Gaussian integral in multiple dimensions

Question

I would like to solve $f_k=\int_{-\infty}^{\infty}{x_k}e^{-\frac{1}{2}\sum_{i}^{n}\sum_{j}^{n}A_{ij}(x_{i}-C)(x_{j}-C)}d^{n}x$ for real constant C. I feel like this should be obvious but I'm unable to come up with a solution or find the answer anywhere. Thanks in advance.

Answer 1

First, let us recall that: $$\int_{-\infty}^{\infty}dx e^{-\frac{1}{2}\alpha x^{2}} = \sqrt{\frac{2\pi}{\alpha}}$$ where $\alpha > 0$. This is the usual Gaussian integral in one dimension. Now, let me write: $$\langle x, A x\rangle = x^{T}Ax = \sum_{i,j=1}^{n}x_{i}A_{ij}x_{j}$$ for simplicity. In order to the $n$-dimensional Gaussian integral to be well-defined, we must demand $A$ to be positive definite. In this case, there exists a unitary matrix $V$ such that: $$V^{-1}AV = D = \mbox{diag}\{\alpha_{1},...,\alpha_{n}\}$$ where $\alpha_{1},...,\alpha_{n}$ are the eigenvalues of $A$, which are all strictly positive since $A$ is positive definite. Now, set $y := Vx$. Then, we have: $$\langle x, Ax \rangle = \langle y, D y \rangle = \sum_{i=1}^{n}\alpha_{i}y_{i}^{2}$$ and, also $dx = |\det V| dy = dy$, since $|\det V| = 1$ because $V$ is unitary. Thus: $$\int_{\mathbb{R}^{n}}dx e^{-\frac{1}{2}\langle x, Ax \rangle} = \int dy e^{-\frac{1}{2}\sum_{i=1}^{n}\alpha_{i}y_{i}^{2}} = \prod_{i=1}^{n}\int_{-\infty}^{\infty}dy_{i} e^{-\frac{1}{2}\alpha_{i}y_{i}^{2}} = \prod_{i=1}^{n}\sqrt{\frac{2\pi}{\alpha_{i}}} =\bigg{(}\sqrt{\frac{2\pi}{\alpha_{i}}}\bigg{)}^{n} = \frac{(2\pi)^{\frac{n}{2}}}{{\det A}^{\frac{1}{2}}}$$ where I used the one-dimensional Gaussian integral result stated above and the fact that $\det A = \prod_{i=1}^{n}\alpha_{i}$.

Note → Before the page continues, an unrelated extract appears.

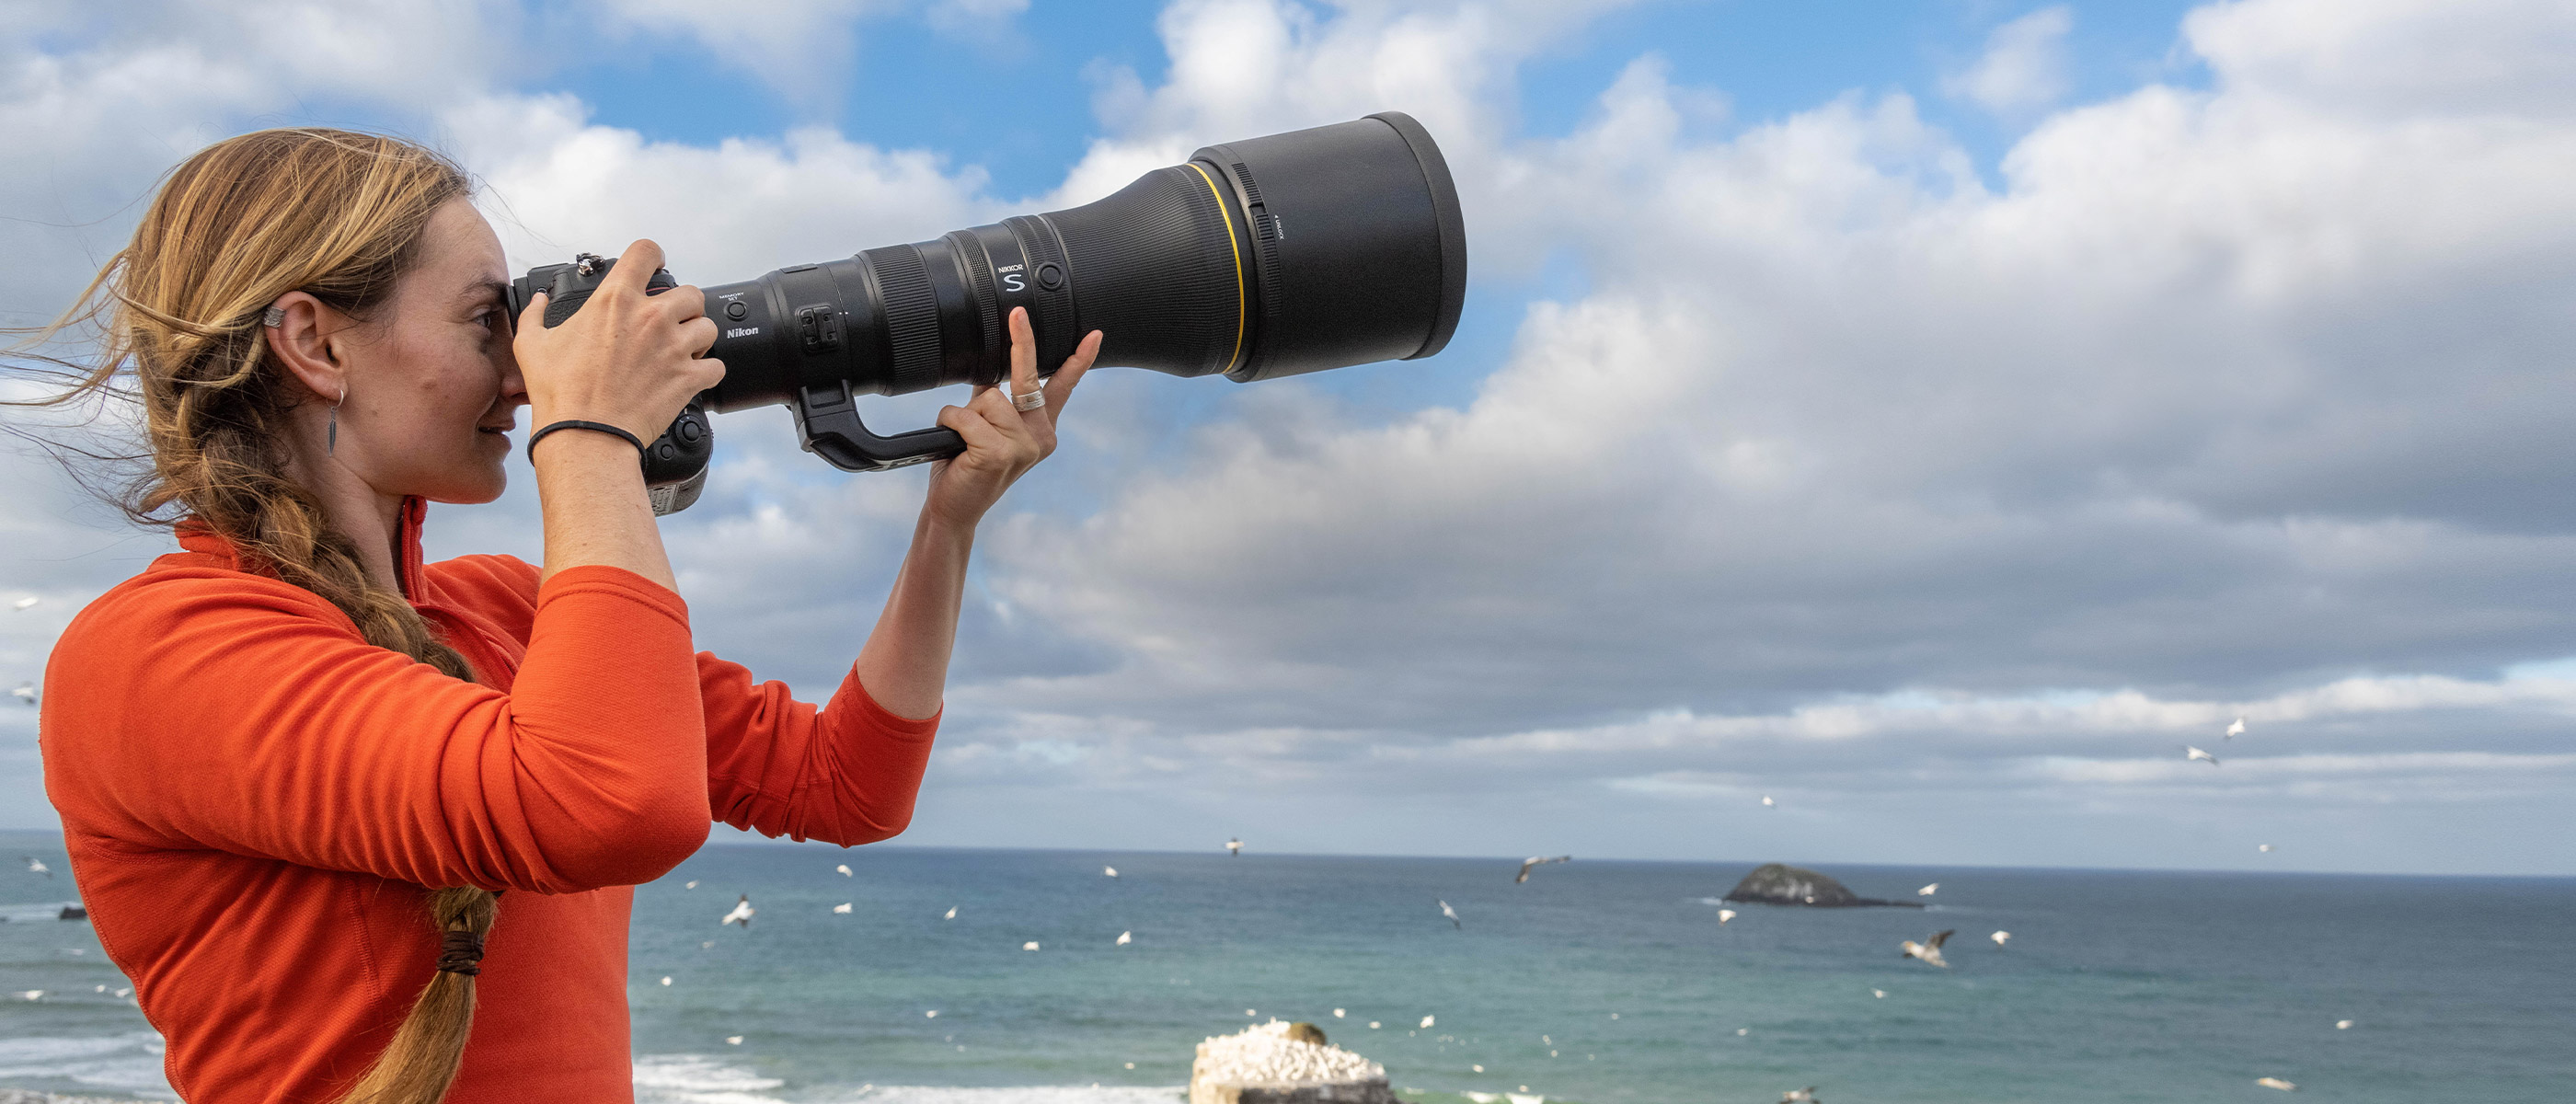 Photo of a woman in an orange shirt holding a Nikon camera with the NIKKOR Z 800mm f/6.3 VR S lens attached photographing birds

We can proceed in a similar way to evaluate the Laplace transform: $$g(p) := \int_{\mathbb{R}^{n}}dx e^{-\frac{1}{2}\langle x, Ax \rangle}e^{\langle p, x\rangle}$$ with $p \in \mathbb{R}^{n}$. Using the same transformation as before and noticing that: $$\langle p, x \rangle = \langle p, V^{-1}y\rangle = \langle Vp, y\rangle = \langle \zeta, y\rangle$$ with $\zeta := Vp$, we can obtain: $$g(p) = \prod_{i=1}^{n}\int_{-\infty}^{\infty} dy_{i} e^{-\frac{1}{2}\alpha_{i}y_{i}^{2}}e^{\zeta_{i}y_{i}} = \frac{(2\pi)^{\frac{n}{2}}}{(\det A)^{\frac{1}{2}}}e^{\frac{1}{2}\langle p, A^{-1}p\rangle}$$

Finally, if you want to evaluate the object: $$f_{k} = \langle x_{k}\rangle := \int_{\mathbb{R}^{n}}x_{k}e^{-\frac{1}{2}\langle x, Ax\rangle}$$ then the usual trick is to use: $$f_{k} = \frac{\partial g(p)}{\partial p_{k}}\bigg{|}_{p=0} = \bigg{[}\frac{\partial}{\partial p_{k}}\bigg{(}\frac{(2\pi)^{\frac{n}{2}}}{(\det A)^{\frac{1}{2}}}e^{\frac{1}{2}\langle p, A^{-1}p\rangle}\bigg{)}\bigg{]}\bigg{|}_{p=0}$$

I'll leave the details to you!